Partial Frame Challenge
Individual left on base is a meaningless statistic that is reported virtually nowhere that has a meaningful statistical background. MLB.com does report it in their box scores, but no other major site that I could find even reports any LOB beyond Team LOB, nor do the newspaper box scores of old that I could find. Fangraphs does not list it, and Baseball-Reference neither lists it nor even allows you to search for it (in their Stathead system). While I don't have specific evidence for this (as it's so fully ignored there's no way to prove this negative), it clearly has no predictive value - as baseball is the leading sports in advanced statistics, and this isn't even available to look at without reconstructing it yourself.
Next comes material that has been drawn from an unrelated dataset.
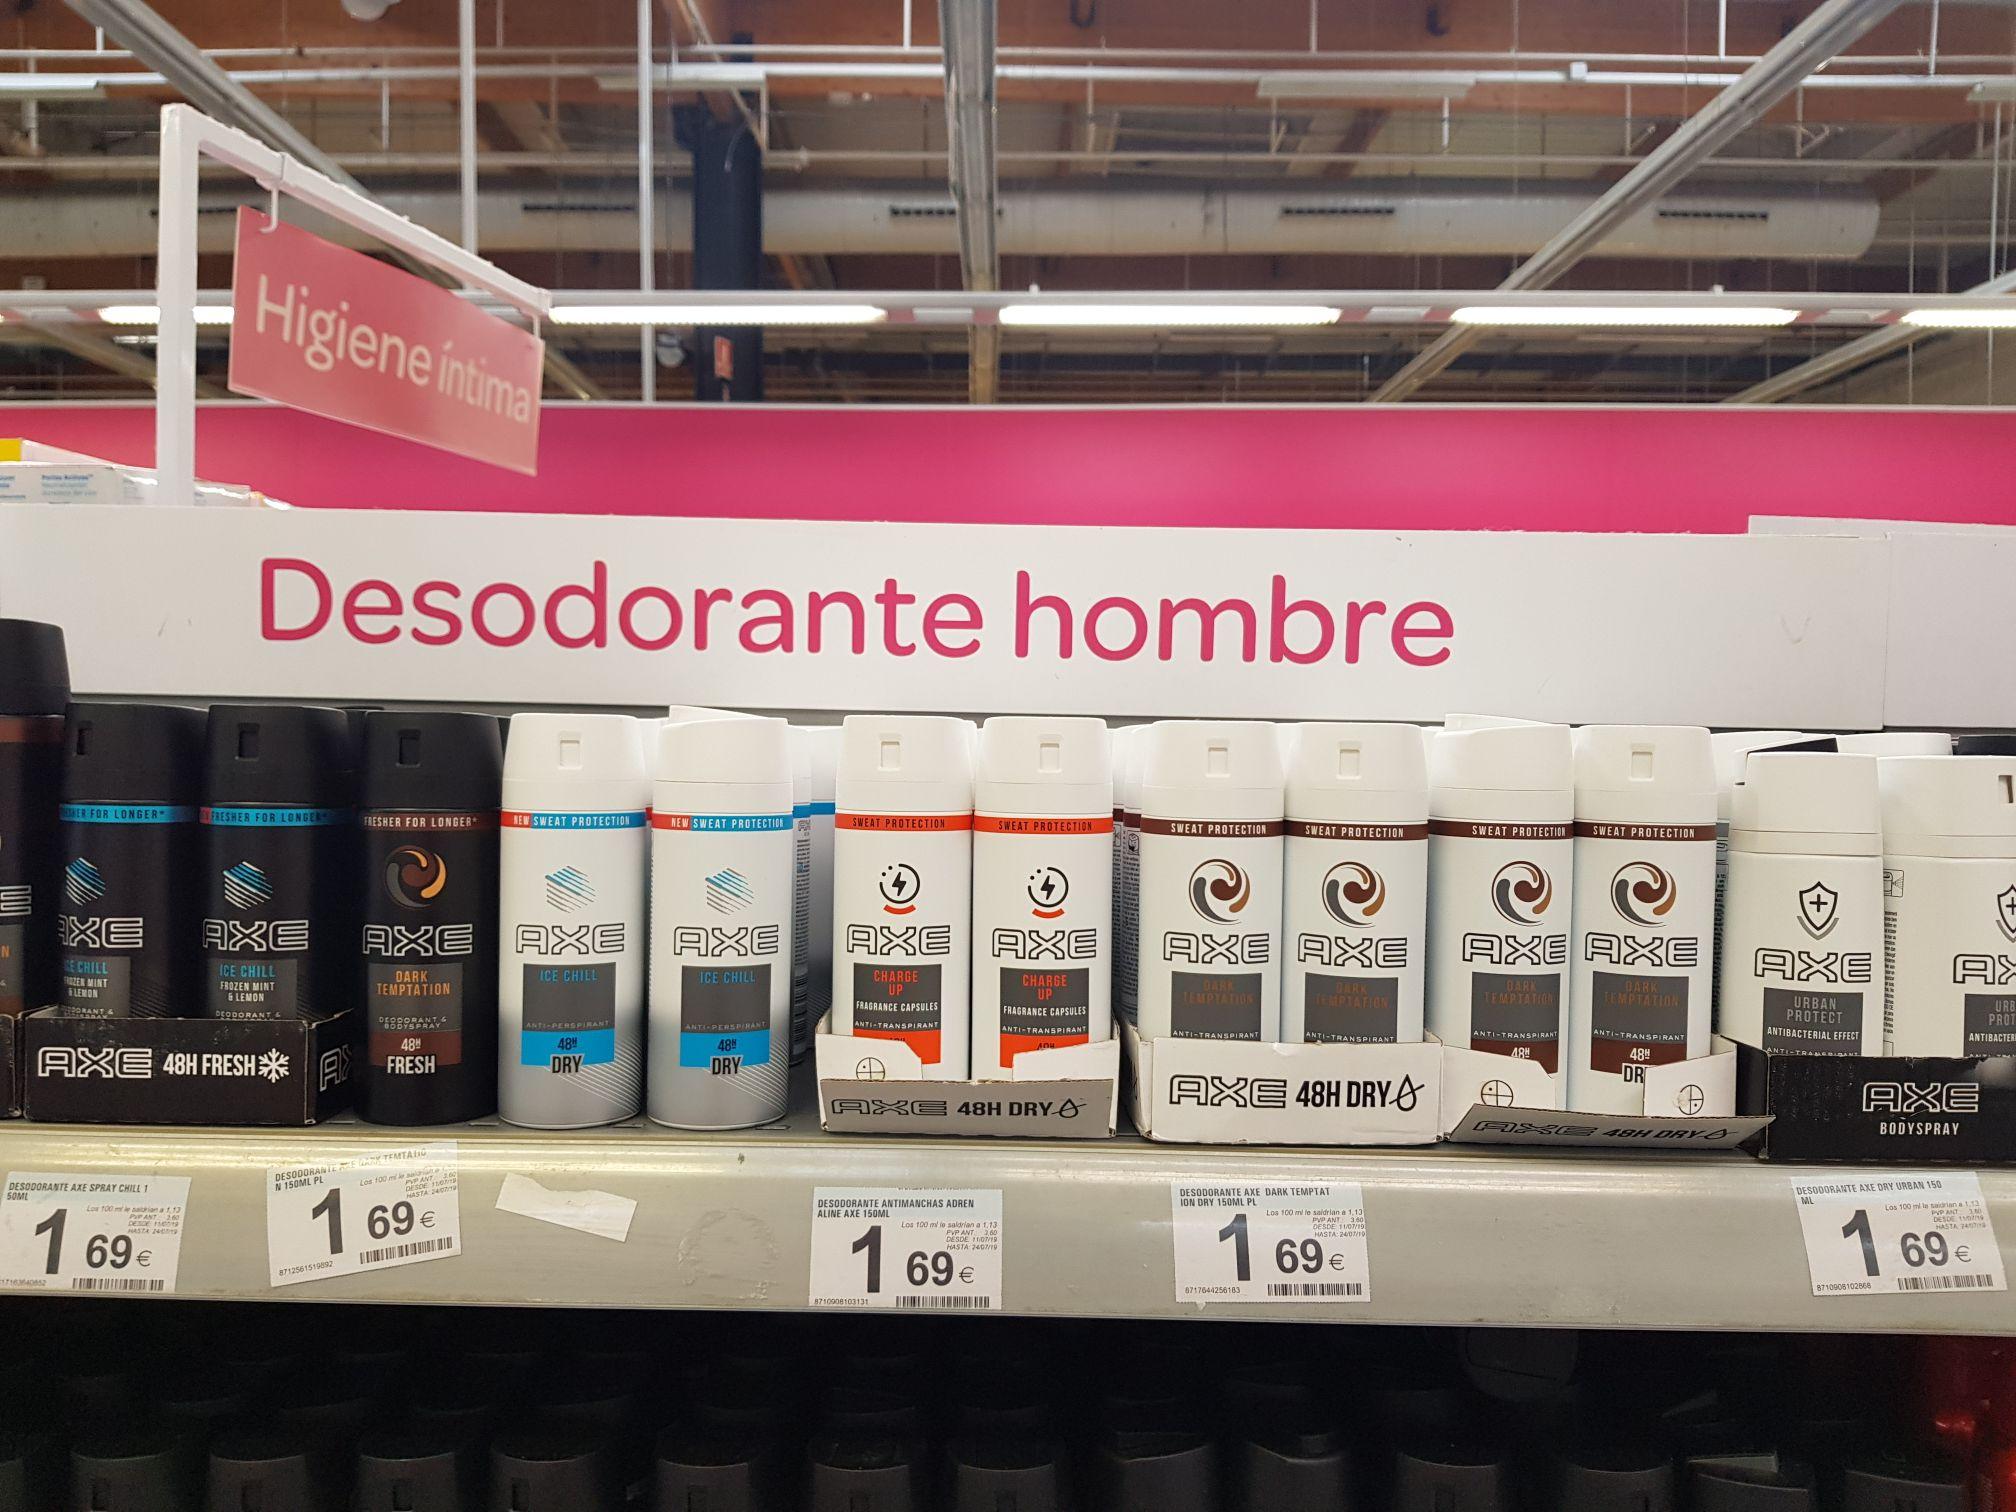 Desodorante axe todas las variedades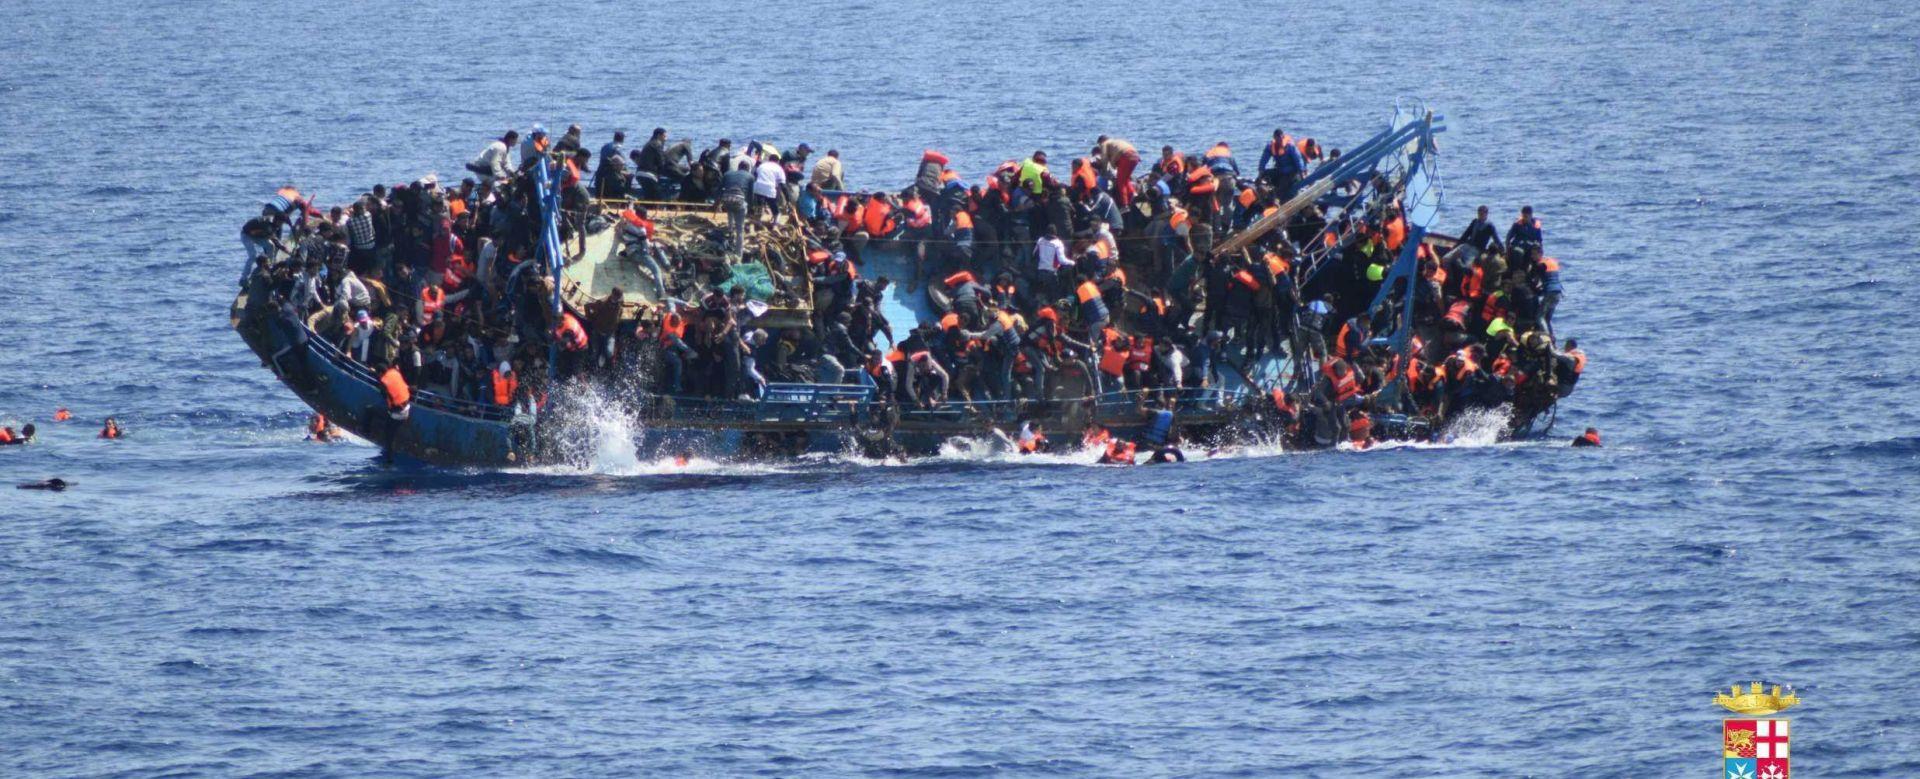 NOVI BRODOLOM: Ispred libijske obale utopilo se 20 do 30 migranata

Further, the MLB official scorer handbook does not list individual left on base as a statistic the scorer is expected to keep. As a result, I would define this term as "unofficial" and attribute no specific definition to it; it is something each site/person may define for themselves.
That said, it is possible to determine some of the rules that MLB.com follows by inspecting box scores and the play by play for those games. For example, in the game between the Detroit Tigers and the Chicago White Sox on 10/3/2021, Akil Badoo is listed as having 2 LOB. He left two runners on base in the third inning (when he popped out), and then later had a sacrifice fly to score a run with two on in the ninth inning. The final score has him with 2 LOB, so clearly a SF does not count against LOB (even the runners who weren't scored).
Further, in a game the same day down I-55, the Cubs and the Cardinals played, and the Cardinals pitcher had a sacrifice hit in two plate appearances, and 0 LOB. As such, he had zero LOB.
So clearly, neither kind of sacrifice is counted as any LOB by mlb.com.
As far as double plays, they do count as LOB (the runner who was also out). Look at Sosa (not Sammy, but Cardinals shortstop Edmundo Sosa); he had 3 LOB, grounded into a double play with two on, one of whom scored, in the second, and then grounded into a fielder's choice in the fourth with two on. Every runner who was on and didn't score was counted against him, even the runner who was doubled off and the runner who was put out on the fielder's choice.
And, as far as errors, Tigers first baseman Harold Castro (not catcher Willi) in the game above reached on an error by White Sox third baseman Yoán Moncada, with one runner on. That was the only "out" he (should have) recorded that game with a runner on who did not score (he also had an earlier sacrifice fly, but we determined that does not count separately, and there were no runners left on in either case). As such, he was clearly credited with an LOB for it despite reaching safely.
So to wrap up: SF, SH do not count any LOBs. GIDP counts the doubled-off runner as an LOB. E counts as an out (as it does elsewhere). Most likely, MLB.com simply counts any runner on base at the start of an at bat who had not scored by the end of the at bat, where the batter received an at bat but did not record a hit.